*Data provided*
· · ·
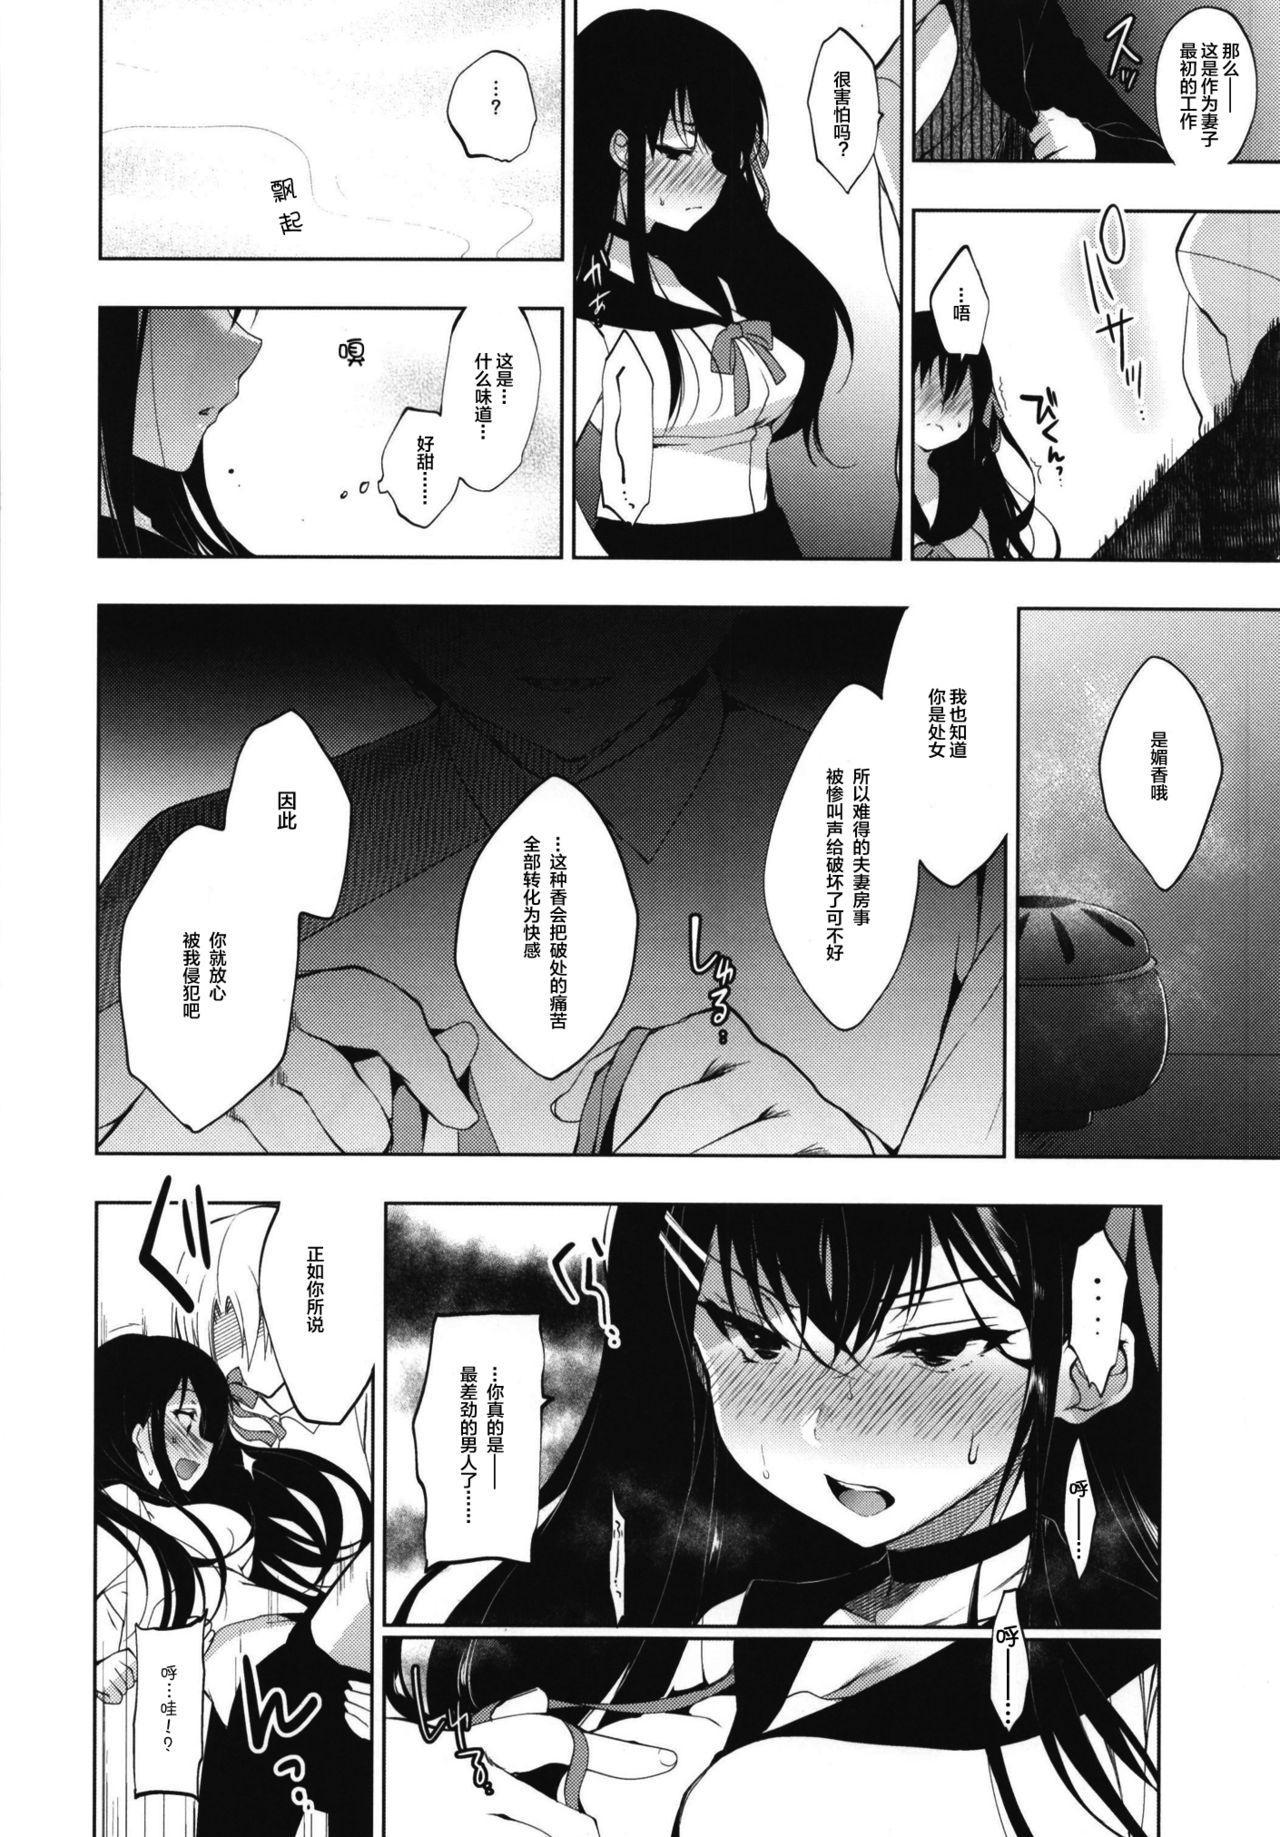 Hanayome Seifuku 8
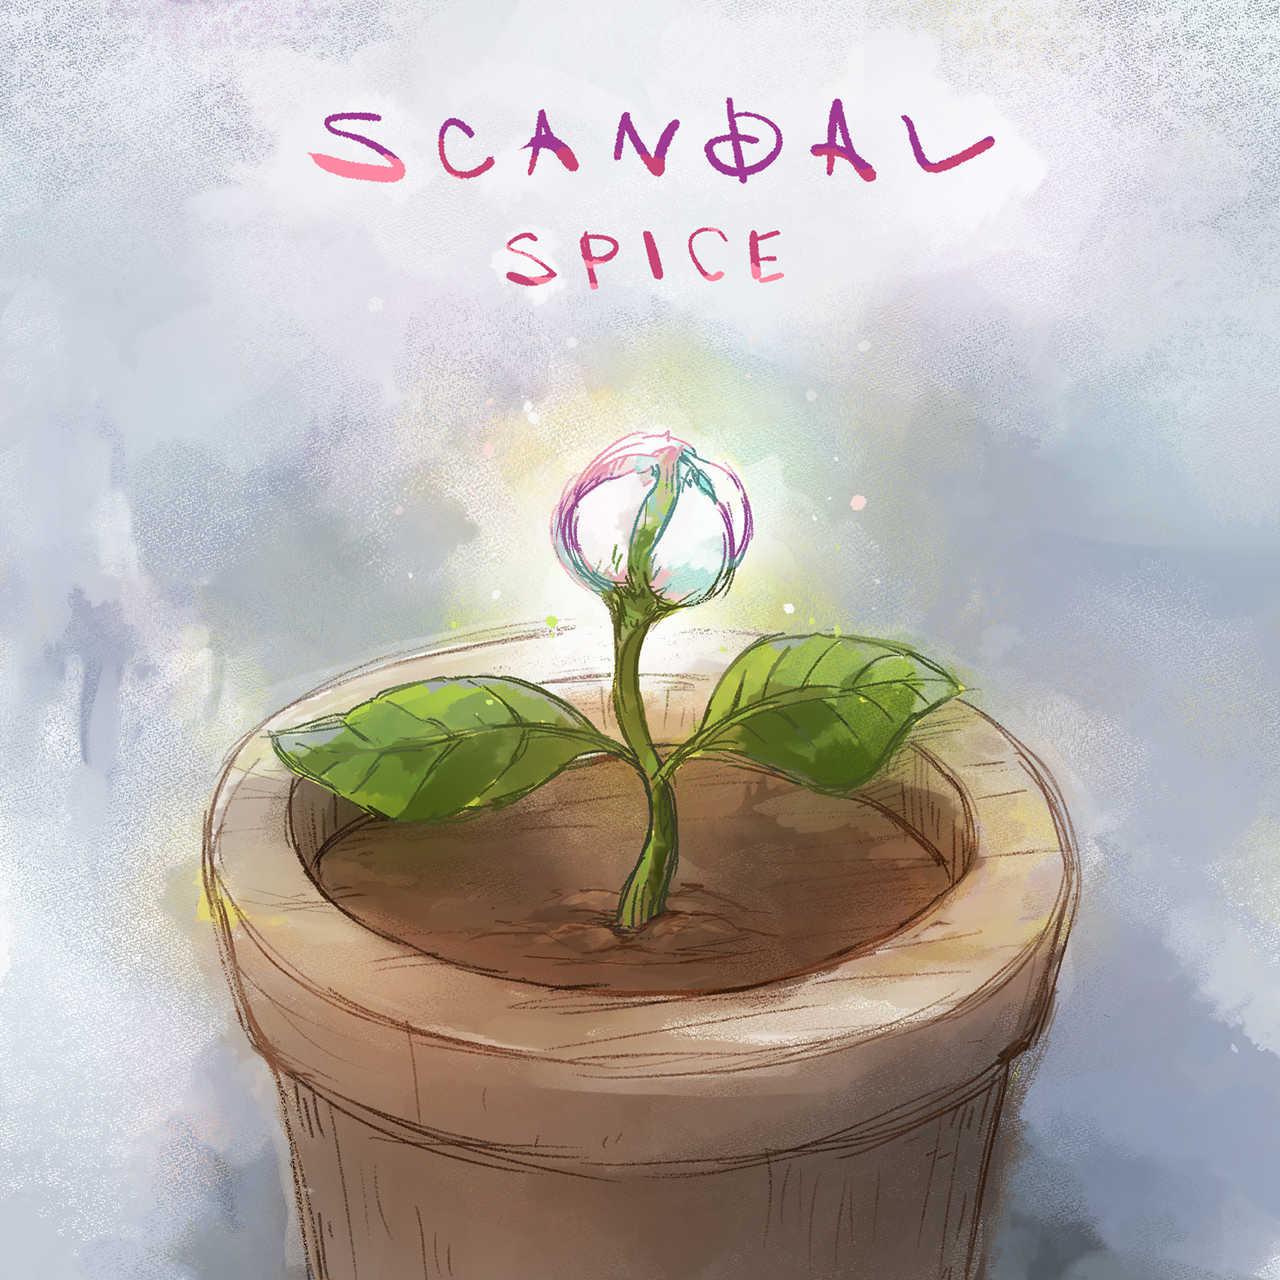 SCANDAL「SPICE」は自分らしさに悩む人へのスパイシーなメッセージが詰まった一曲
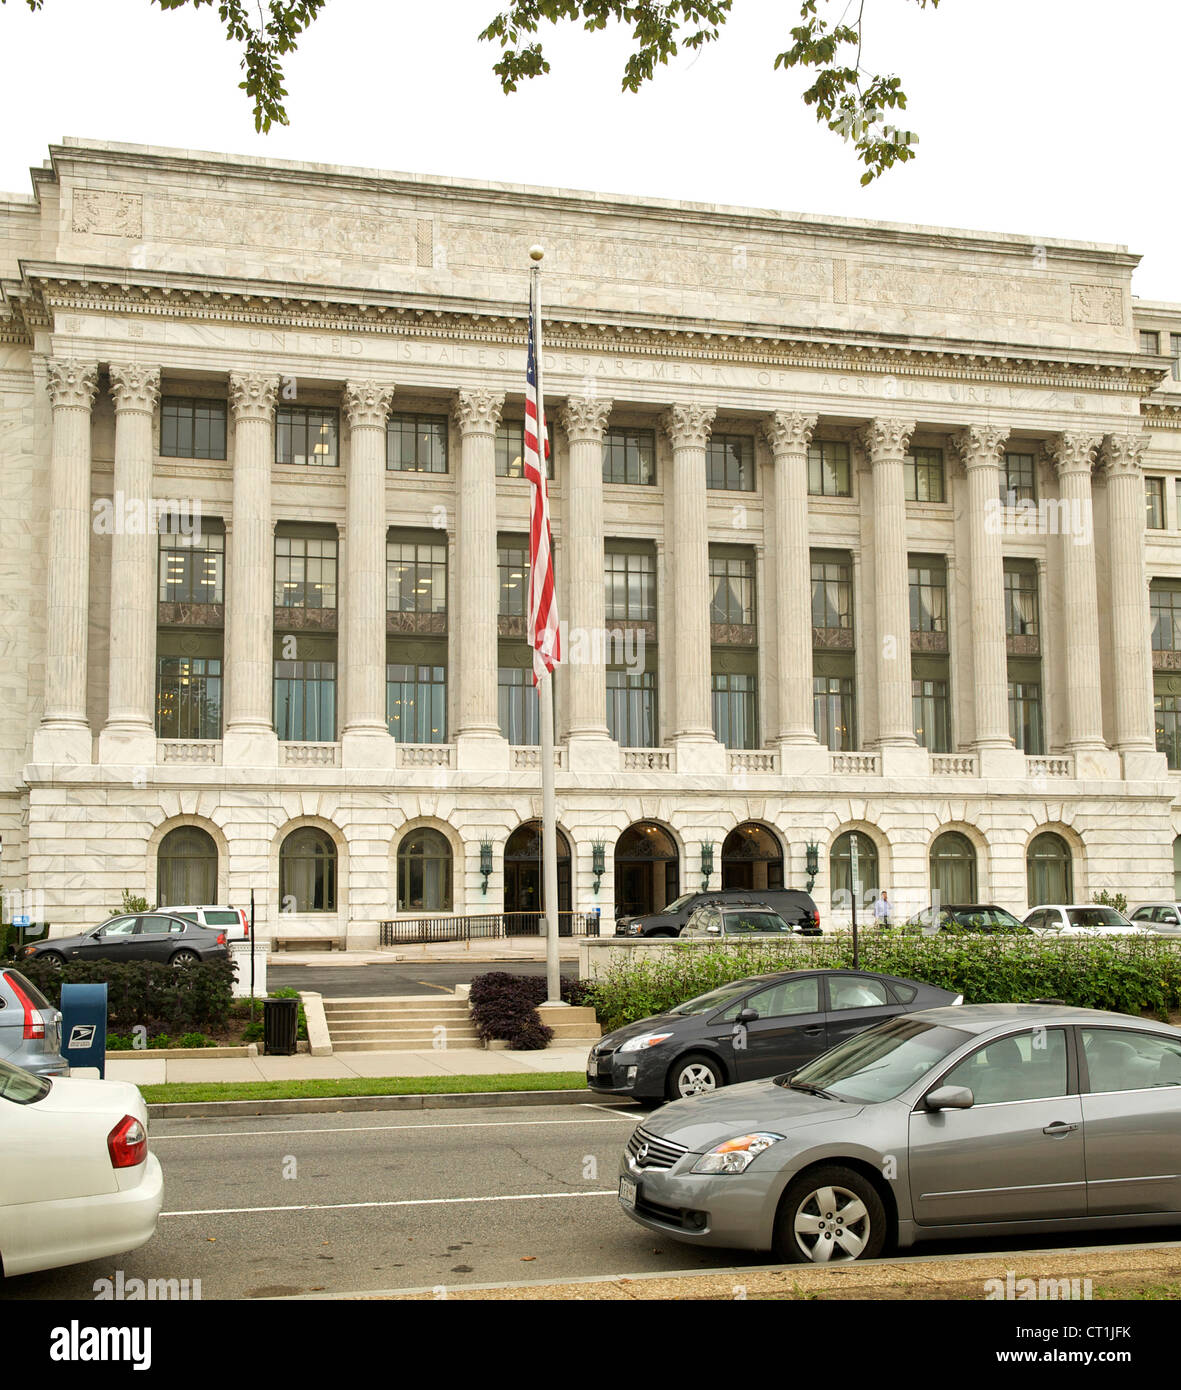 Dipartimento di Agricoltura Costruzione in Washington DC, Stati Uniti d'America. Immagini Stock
· · ·
*What to produce*
Print every line of the material exactly as written, but drop the pictures.

*Output below*
 Hanayome Seifuku 8
 SCANDAL「SPICE」は自分らしさに悩む人へのスパイシーなメッセージが詰まった一曲
 Dipartimento di Agricoltura Costruzione in Washington DC, Stati Uniti d'America. Immagini Stock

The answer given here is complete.